The contact member is adapted to provide a resilient force between the contact member and the electrical terminal when in electrical contact with the electrical terminal. The resilient force at least partially results from a change in a relative angle between the first contact portion and the second contact portion.

These and other features, aspects and advantages of the present invention will become understood with reference to the following description, appended claims and accompanying figures.

BRIEF DESCRIPTION OF THE DRAWINGS

FIG. 1A is an exploded view of an electrical contact assembly according to an embodiment of the present invention.

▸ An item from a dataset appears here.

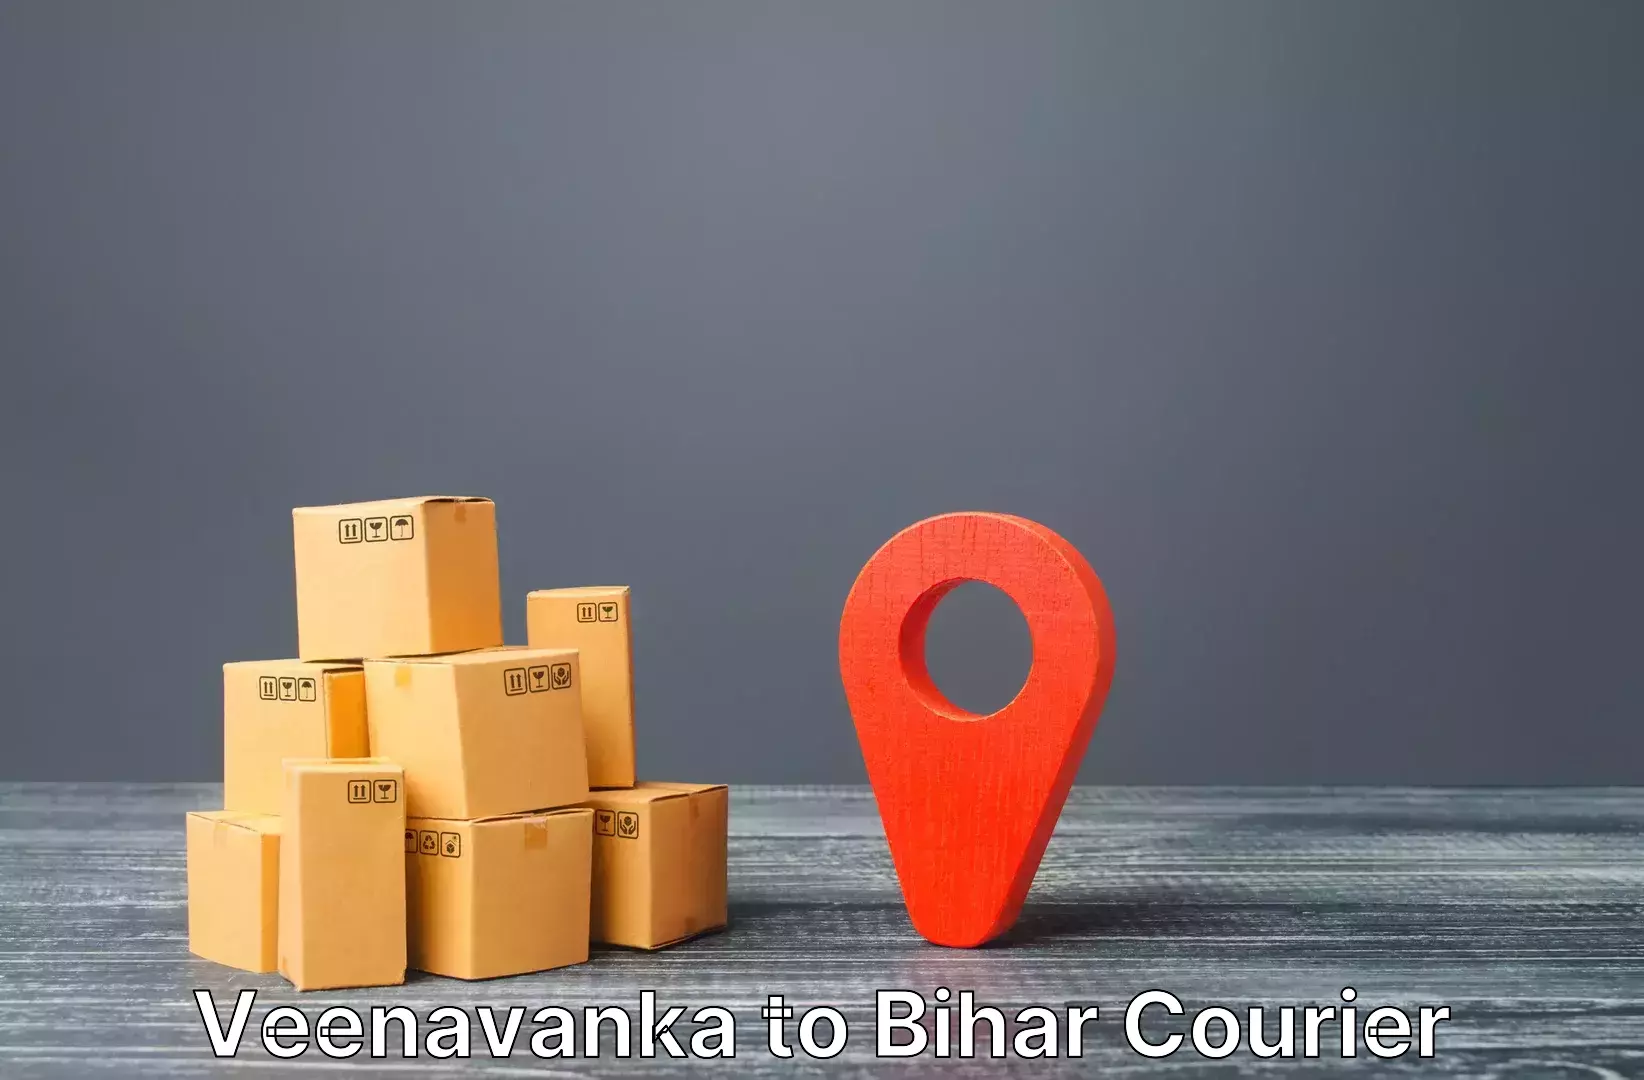 Baggage shipping logistics in Veenavanka to Gaya

FIG. 1B shows another exploded view of the electrical contact assembly of FIG. 1A from a different angle.

FIG. 2 is a perspective view of the assembled electrical contact assembly of FIGS. 1A and 1B.

FIG. 3 is a perspective view of a partial, internal structure of the electrical contact assembly showing a contact member, a spring and a pair of electrical terminals, according to an embodiment of the invention.

FIG. 4 is a cross-sectional view of the assembled contact assembly in its disconnected, or open, state, according to an embodiment of the invention.

FIG. 5 shows the contact member and the electrical terminals of the contact assembly in greater details, according to an embodiment of the invention.

FIG. 6A is a cross-sectional view of the assembled contact assembly in its connected, or closed, state, according to an embodiment of the invention.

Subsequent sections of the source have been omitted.